February 11 at 9:15am via mobile – “That’s a nice cat bud!”

February 11 at 10:25am via mobile – “Thanks! Damn fun hunt.”

February 11 at 4:39pm – “what did you do, shoot its paw off!”

February 11 at 5:25pm via mobile – “It had been stuck in a trap at some point. Either chewed it off or pulled it off.”

In other words the poor cougar suffered, possibly for days, in a trap, before being shot by a trophy hunter. “Non-target” species like cougars often end up in traps set for other undeserving animals.

The Ravalli Republic reports (in typical mainstream media passionless fashion) in their article, Montana, Idaho trappers catching more than just wolves

In the first year that wolf trapping was allowed in Idaho, trappers captured a total of 123 wolves.

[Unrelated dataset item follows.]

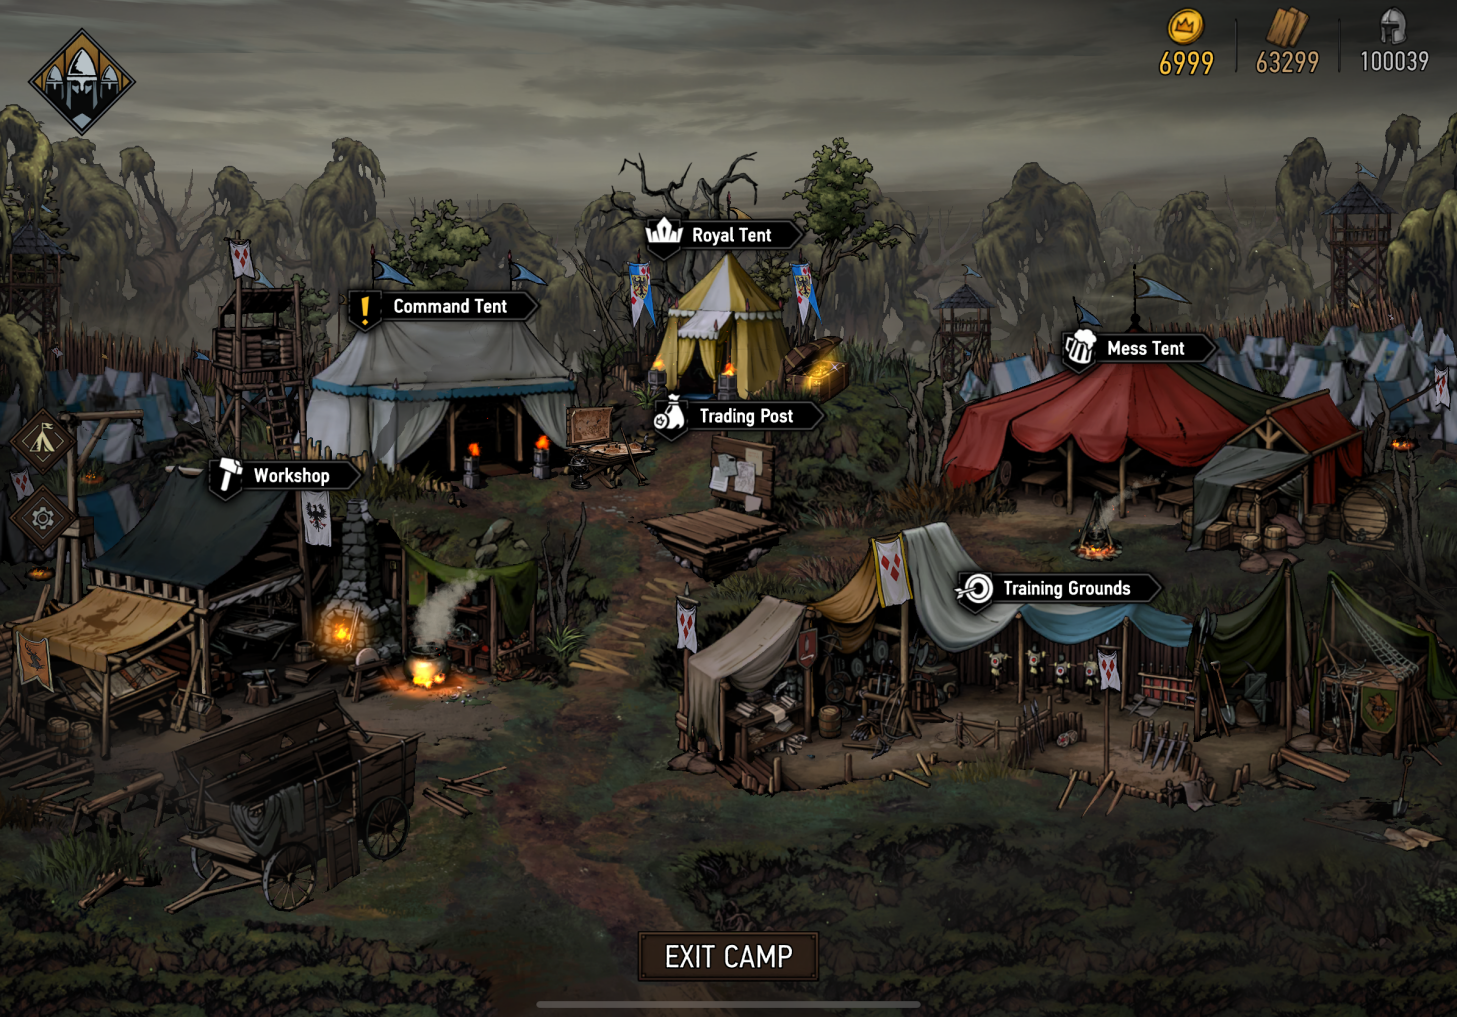 Thronebreaker has arrived on iOS! - Image 2

But according to a survey by the Idaho Fish and Wildlife Department, those same trappers in 2011-2012 also inadvertently captured 147 other animals, including white-tailed deer, elk, moose, mountain lions, skunks and ravens.

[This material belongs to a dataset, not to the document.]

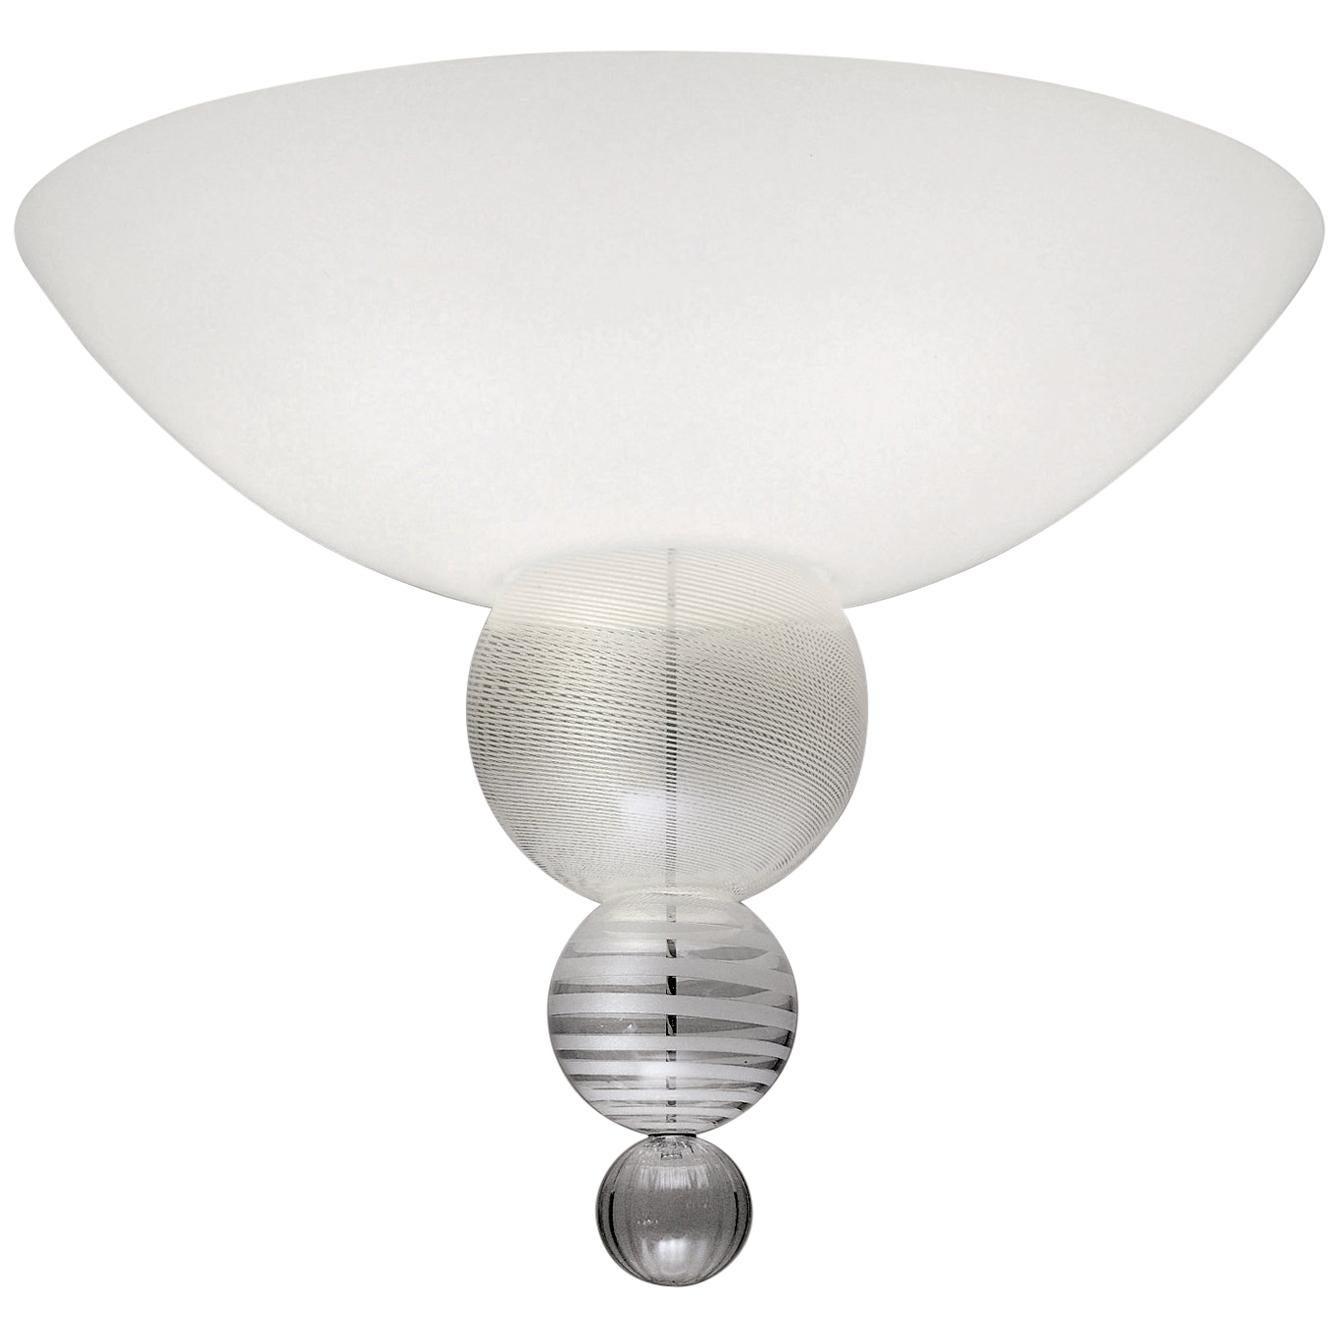 Venini Abaco Flush Light in White by Monica Guggisberg & Philip Baldwin

Trappers reported that 69 of those animals died as a result.

Trappers reported capturing 45 deer. Twelve of those died. They also captured 18 elk and four moose. One of the elk died.

The same number of coyotes ended up in traps as deer. Trappers reported that 38 were killed. Mountain lions also took a hit. Nine were captured and six died.

“There are a heck of a lot of people out there trapping furbearers,” said the Montana Fish, Wildlife and Parks wildlife management chief. “And there also are a lot of people trapping coyotes, which aren’t even regulated.”

Meanwhile, Idaho allows trappers to use wire snares that collapse around an animal’s neck as it struggles to free itself.

The Idaho Department of Fish and Game’s state wildlife game manager vacuously adds, “No one wants to catch a deer. It costs them a lot of time.”

Any society that looks the other way when people murder animals for fun does so at its peril. Marine biologist, Rachel Carson, author of Silent Spring, had this to say about the growing problem:

“Until we have the courage to recognize cruelty for what it is—whether its victim is human or animal—we cannot expect things to be much better in this world. We cannot have peace among men whose hearts delight in killing any living creature. By every act that glorifies or even tolerates such moronic delight in killing we set back the progress of humanity.”